Informed consent is described as the process of enabling individuals to make voluntary decisions about participating in research with an understanding of the purpose, procedures, risks, benefits and alternatives. Informed consent is established on the premises of well-established ethical principles which include respect for persons, beneficence and justice. Following from this, the key aspects of informed consent entails the provision of information about the research that a reasonable person would want to know, in a manner and language understandable to that person and under conditions that are free from coercion or undue influence. Informed consent could easily have been obtained from Henrietta – if it was the norm of the day. Although not legally required, ethical principles should be ingrained and considered during the delivery of all professional services.
In South Africa individuals’ rights to bodily integrity are constitutionally protected as section 12(2)(c) of our Constitution requires informed consent from any individual who is subjected to medical or scientific experiments. Section 71 of the National Health Act 61 of 2003 specifically prohibits any research or experimentation on a living person without such a person’s written informed consent, after being adequately informed of the positive or negative consequences of the proposed research to his or her health. Unfortunately the only definition of informed consent in the National Health Act is found is section 7(3) according to which it means “… consent for the provision of a specified health service given by a person with legal capacity to do so and who has been informed as contemplated in section 6.” Section 6(1) then sets out the nature and scope of the information that should be disclosed to a patient. In May 2008 the Health Profession Council of South Africa (HPCSA) issued general ethical guidelines for health researchers to serve as reference for research institutions, organisations and researchers registered with the HPCSA who are involved in biomedical or scientific research. Guideline 6.3 thereof specifically deals in detail with the researcher’s responsibilities in respect of obtaining informed consent from participants. It states that researchers must provide information to participants “…in a language that the participant understands and in a manner that takes into account the participant’s level of literacy, understanding, values and personal belief systems.” And in 2006 the South African Department of Health also issued guidelines for good practice in the conduct of clinical trials with human participants in South Africa, which purpose is to provide South Africa with clear standards of clinical practice in research in accordance with sound scientific and ethical standards.
If Henrietta has been diagnosed and treated today in South Africa, and if researchers were still interested in her tissue samples for research purposes her informed consent would be required … whether she would truly understand the research risks, goals and aims is yet another ethical debate.
Today we have numerous pieces of legislation, regulations, guidelines and policies that require and regulate the actual content of informed consent to protect research participants.

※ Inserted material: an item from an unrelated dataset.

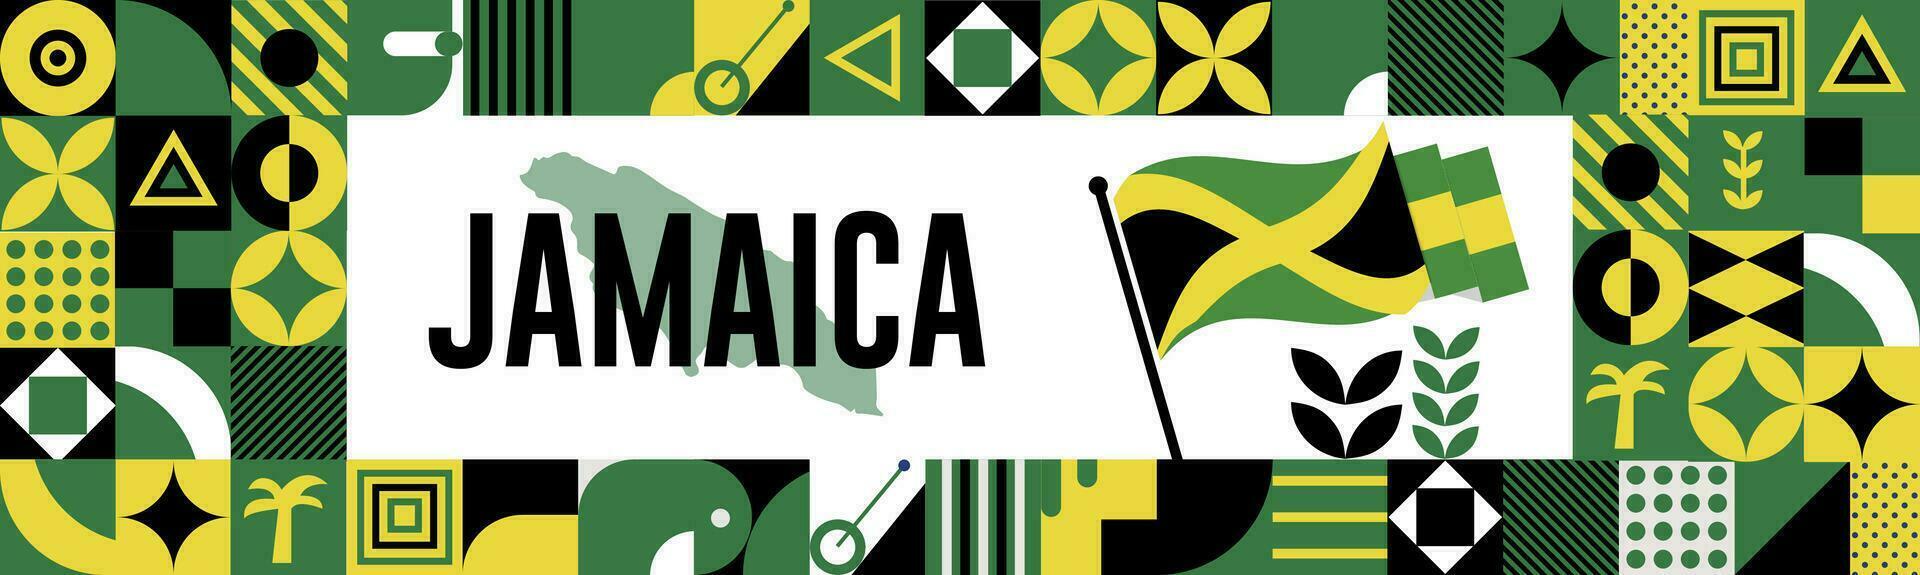 Jamaica nacional dia bandeira com mapa, bandeira cores tema fundo e geométrico abstrato retro moderno colorido Projeto com elevado mãos ou punhos. vetor
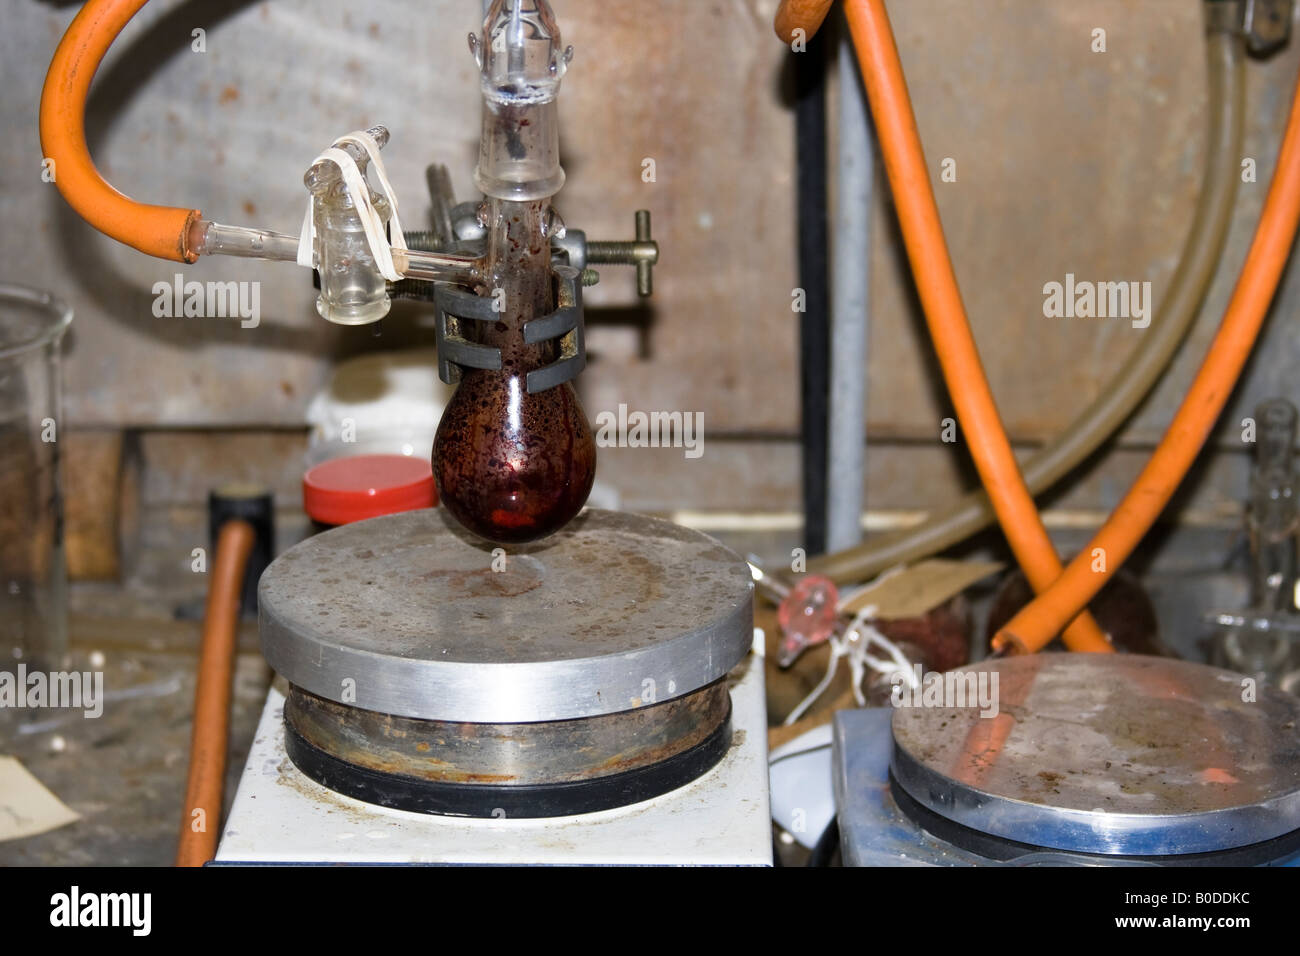 Heating plates - Laboratory equipment Stock Photo

But as so often happen, legislation is a mere symptom or consequence of a disease and in the fast developing world of biomedical research adequate legal regulation almost always comes after the fact. It took a brave writer, Rebecca Skloot, to tell the story of Henrietta Lacks. A story that served as the catalyst for policy change. Laws may not always exist to protect the vulnerable, but bioethics have been around for as long as there has been life and should serve as a guide in the absence of law.